- Etymology: Indigenous: chain of lagoons in the area

Location
- Country: Australia
- State: Queensland
- Region: North Queensland

Physical characteristics
- Source: Leichhardt Range
- • location: below Bunkers Hill
- • coordinates: 19°58′52″S 146°56′47″E﻿ / ﻿19.98111°S 146.94639°E
- • elevation: 224 m (735 ft)
- Mouth: Bowling Green Bay, Coral Sea
- • coordinates: 19°25′09″S 147°15′07″E﻿ / ﻿19.41917°S 147.25194°E
- • elevation: 0 m (0 ft)
- Length: 109 km (68 mi)
- Basin size: 1,831 km^{2} (707 sq mi) to 1,210.8 km^{2} (467.5 sq mi)
- • location: Near mouth
- • average: 5.64 m^{3}/s (199 cu ft/s) to 8.6 m^{3}/s (270 GL/a)

= Barratta Creek =

Creek in North Queensland, Australia

The Barratta Creek is a creek in North Queensland, Australia.

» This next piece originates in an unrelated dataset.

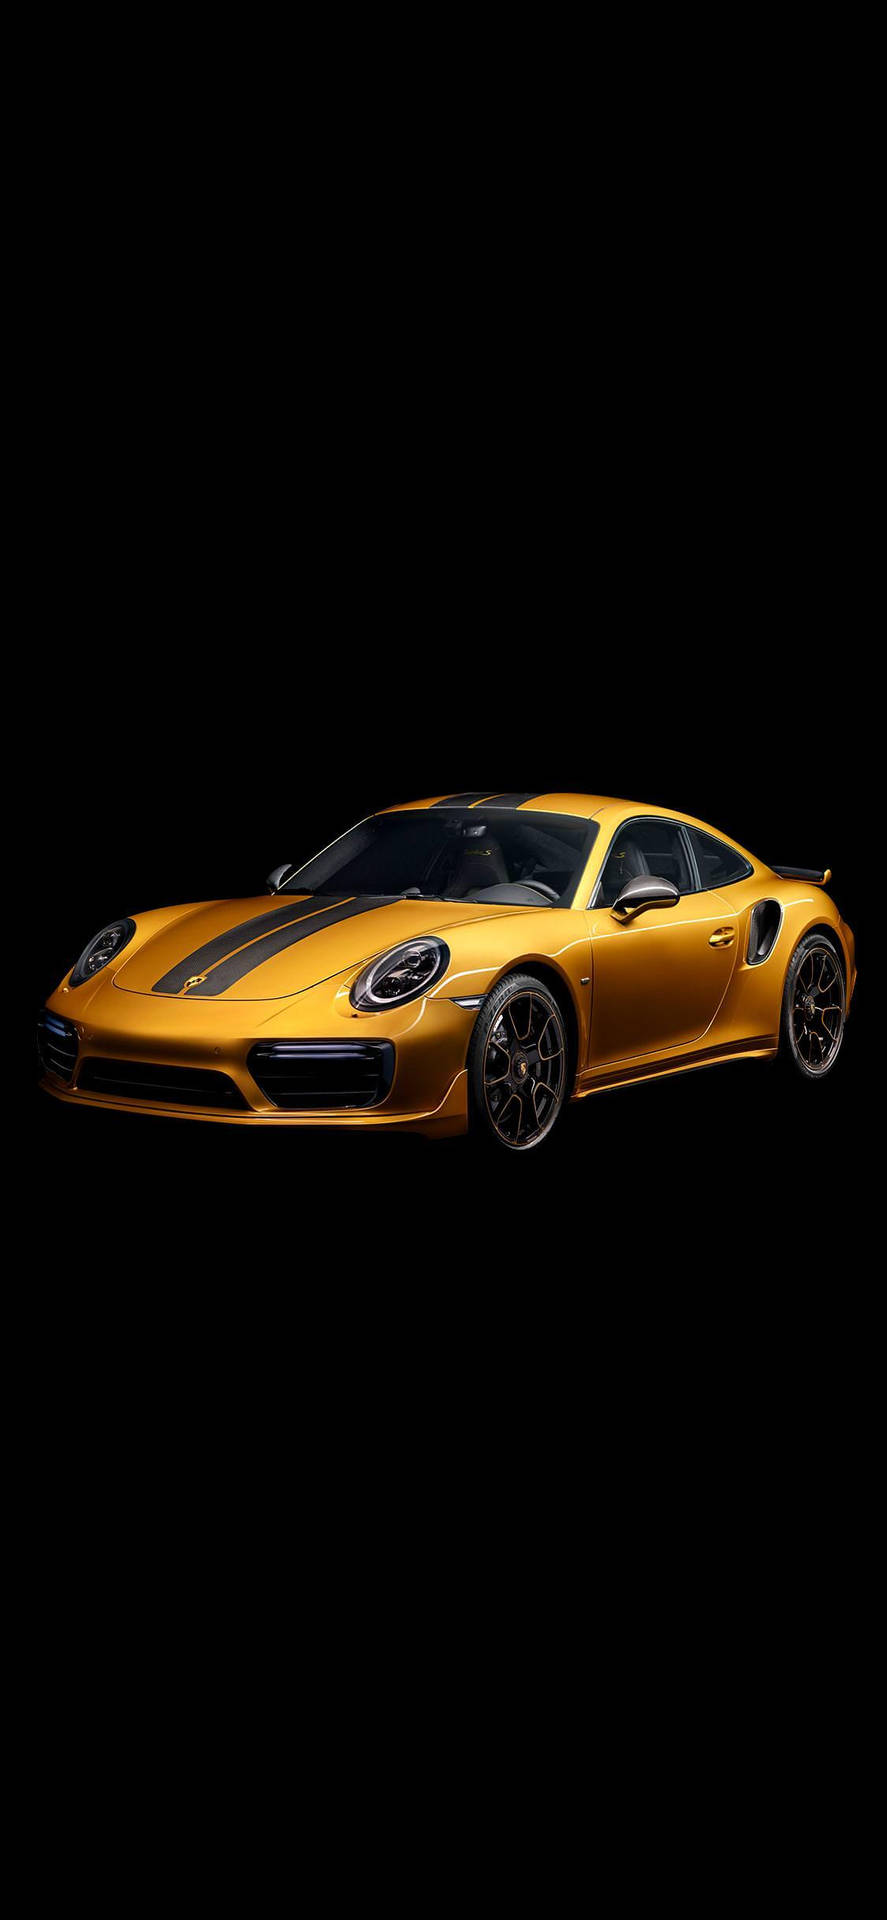 Iphone X Car Porsche Turbo S Background

The headwaters of the creek rise below Bunkers Hill in the Leichhardt Range in the Great Dividing Range and flow in a north easterly direction. The creek continues through mostly uninhabited country past Woodhouse Mountain travelling almost parallel with the Haughton River eventually crossing the Bruce Highway and entering the Bowling Green Bay Conservation Park then discharging into Bowling Green Bay near Jerona, before flowing into the Coral Sea. The river descends 224 m over its 109 km course.

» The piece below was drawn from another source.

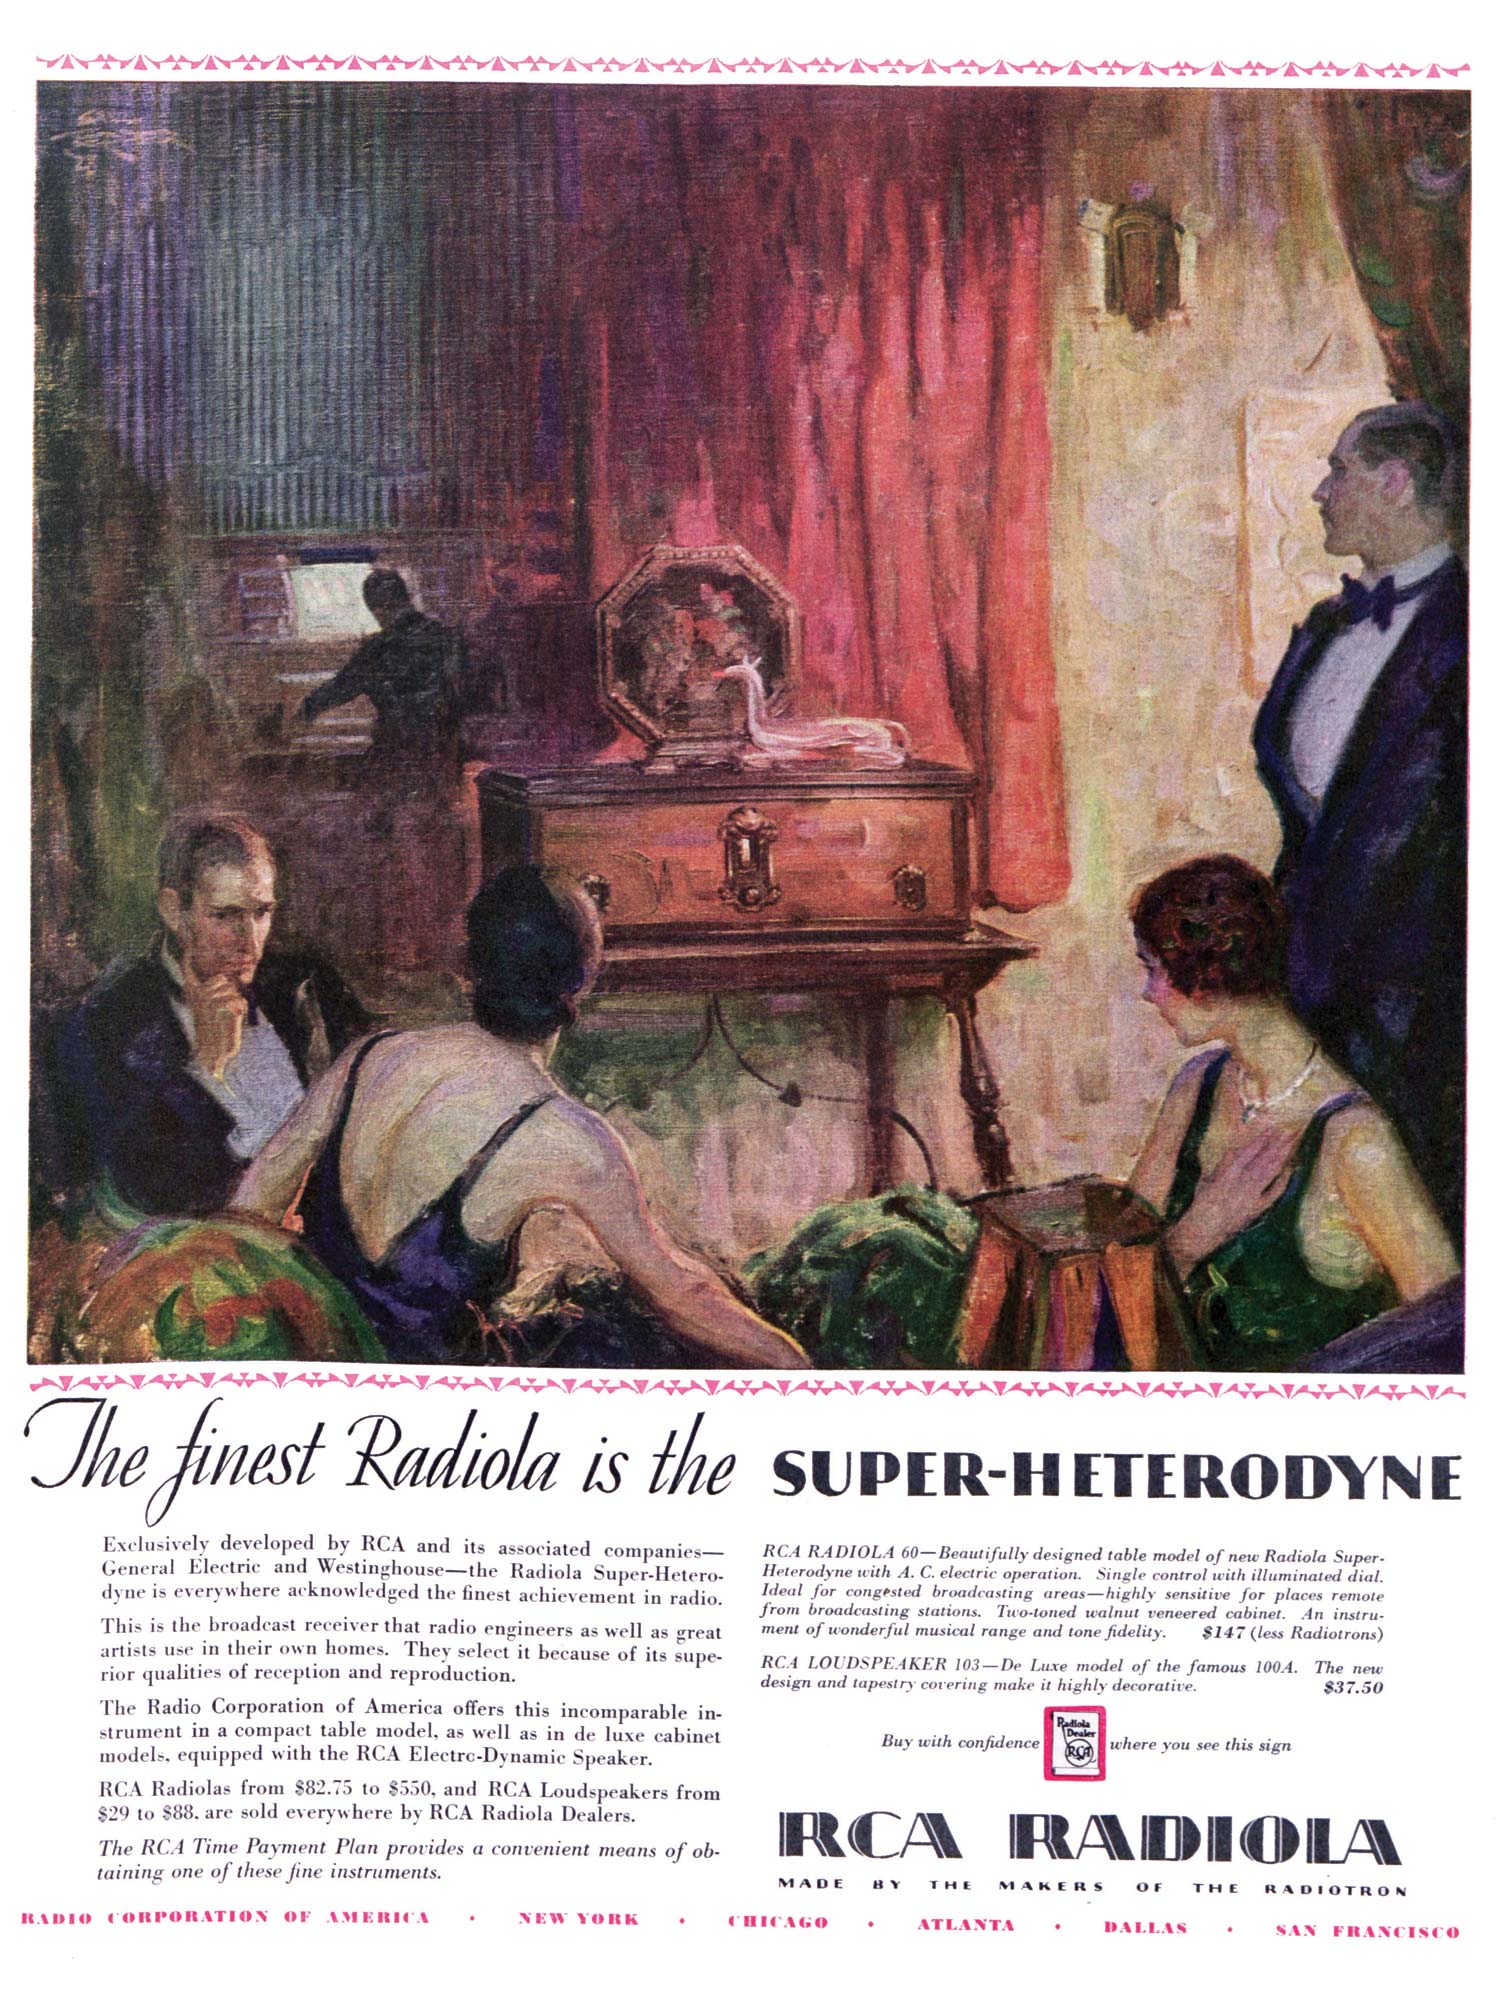 Vintage 1930s General Electric Radio Ad

The catchment area of the creek occupies an 1831 km2, of which an area of 173 km2 is composed of estuarine wetlands. The mean annual flow of the creek is 178 GL. The riparian habitat of the catchment, particularly the northern end, has declined since the 1970s as a result of clearing of the floodplain forest to plant sugarcane. Most of the catchment area is still used for pastoralism, particularly grazing land for cattle.

The name of the creek is thought to be derived from the local Aboriginal dialect from the name for a chain of lagoons found in the area.